Task prompt
Down to the last line, set down the material below exactly; skip the pictures.

··· Stored data

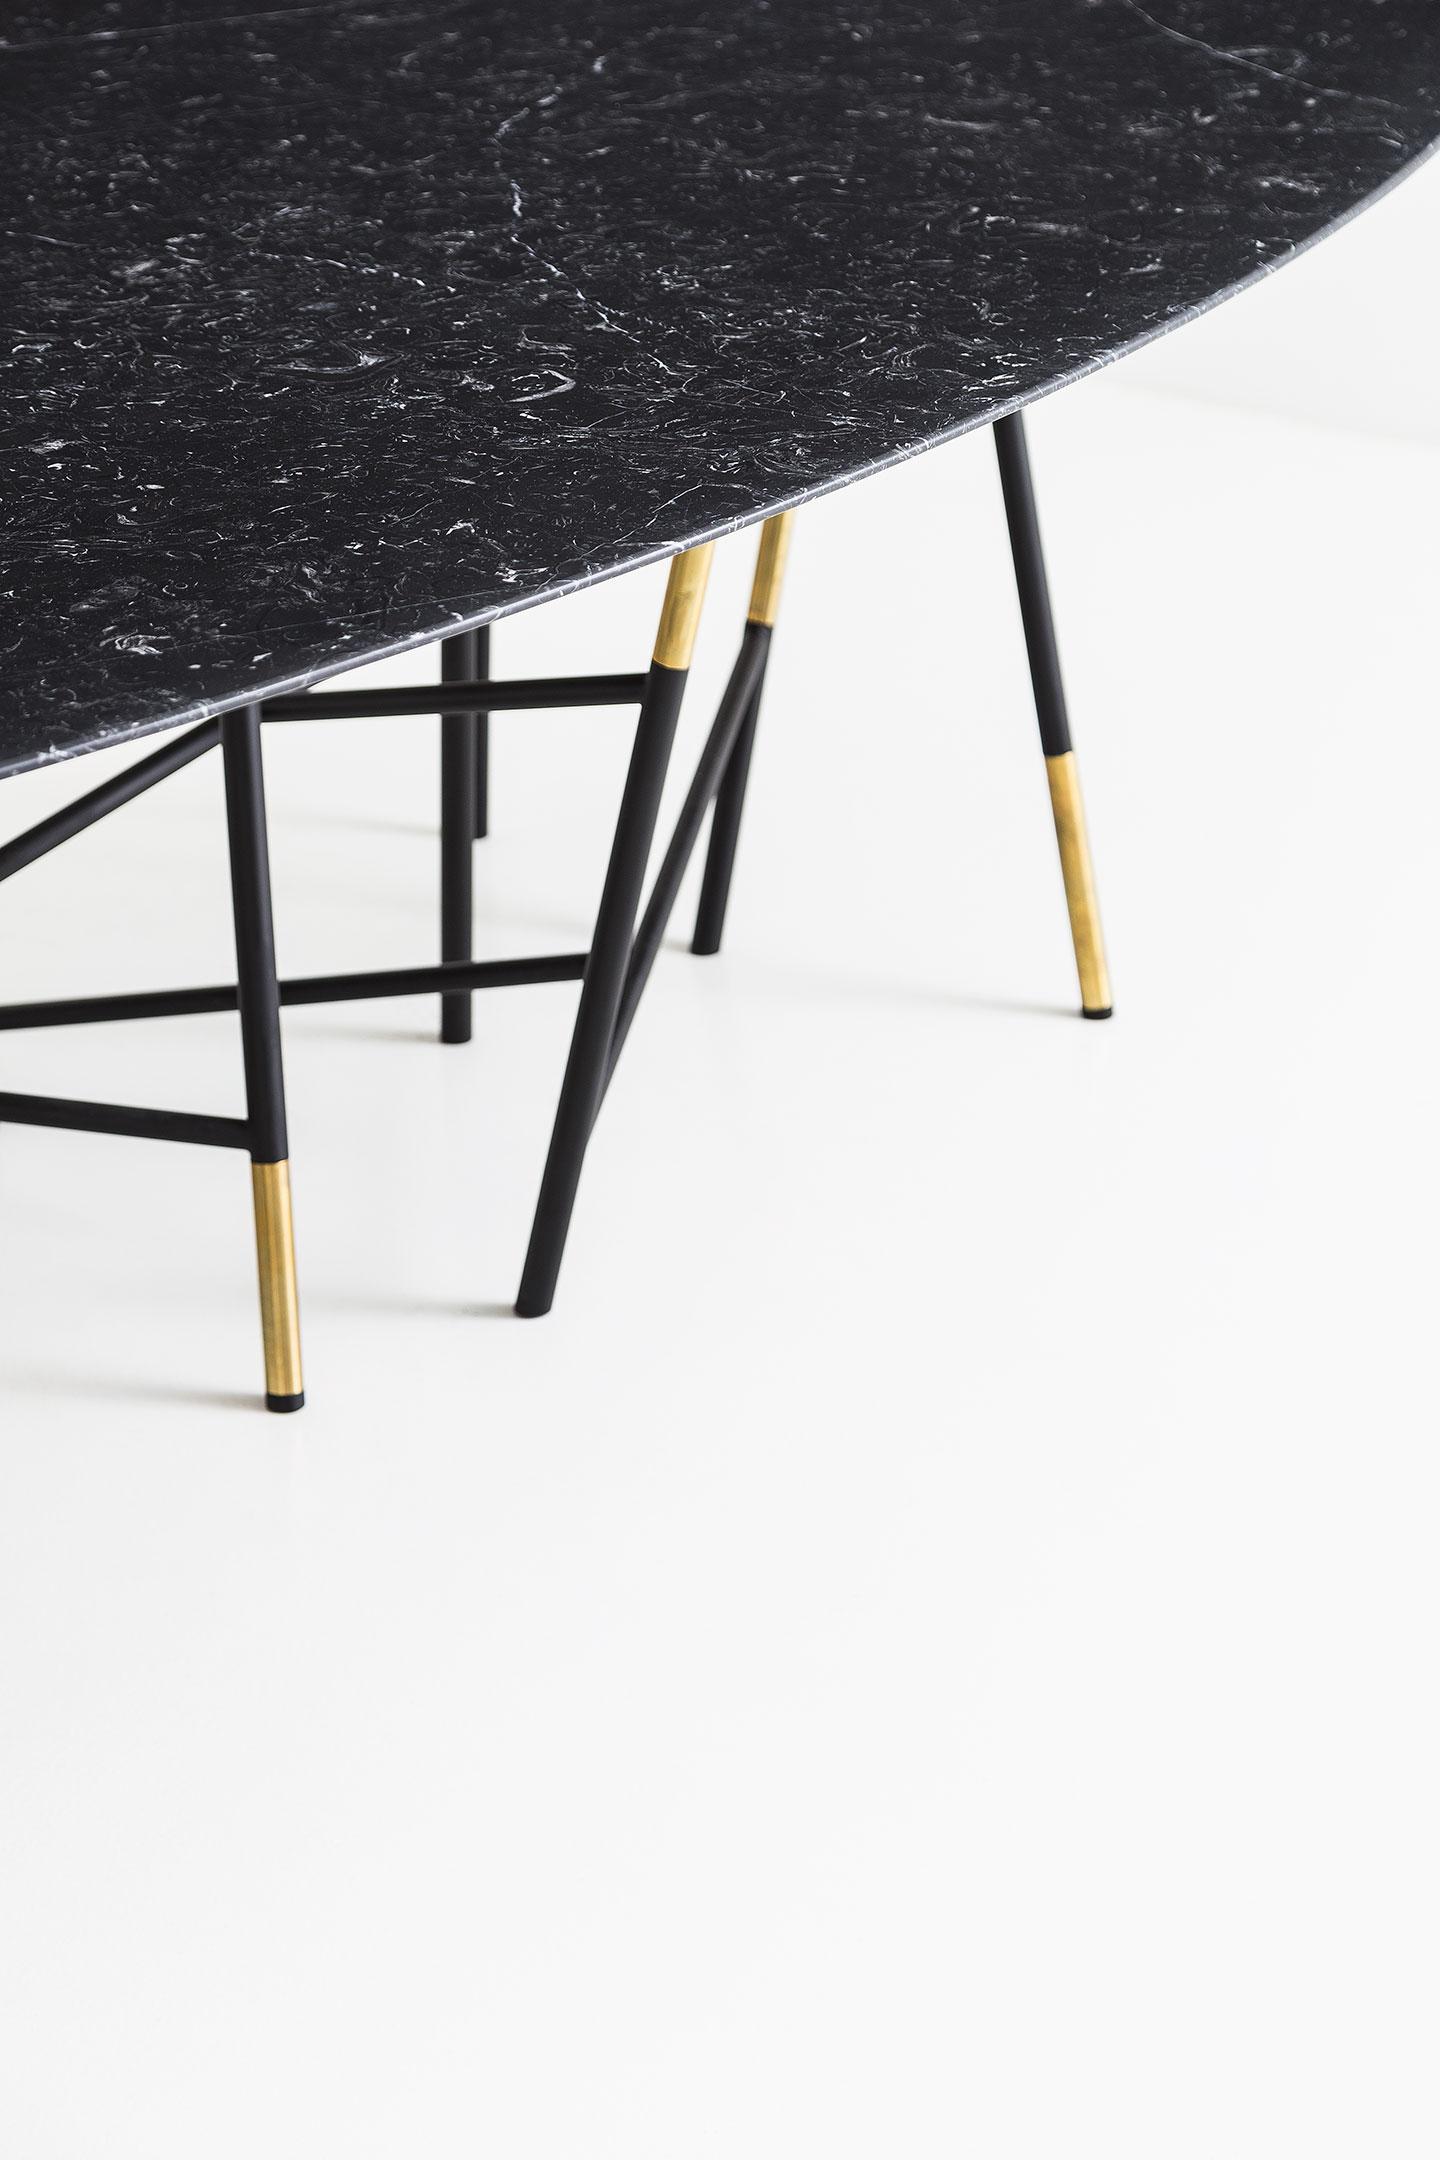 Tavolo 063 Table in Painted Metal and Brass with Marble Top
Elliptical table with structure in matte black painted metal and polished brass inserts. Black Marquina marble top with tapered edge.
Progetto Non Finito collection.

······

Result of this task
 Tavolo 063 Table in Painted Metal and Brass with Marble Top
Elliptical table with structure in matte black painted metal and polished brass inserts. Black Marquina marble top with tapered edge.
Progetto Non Finito collection.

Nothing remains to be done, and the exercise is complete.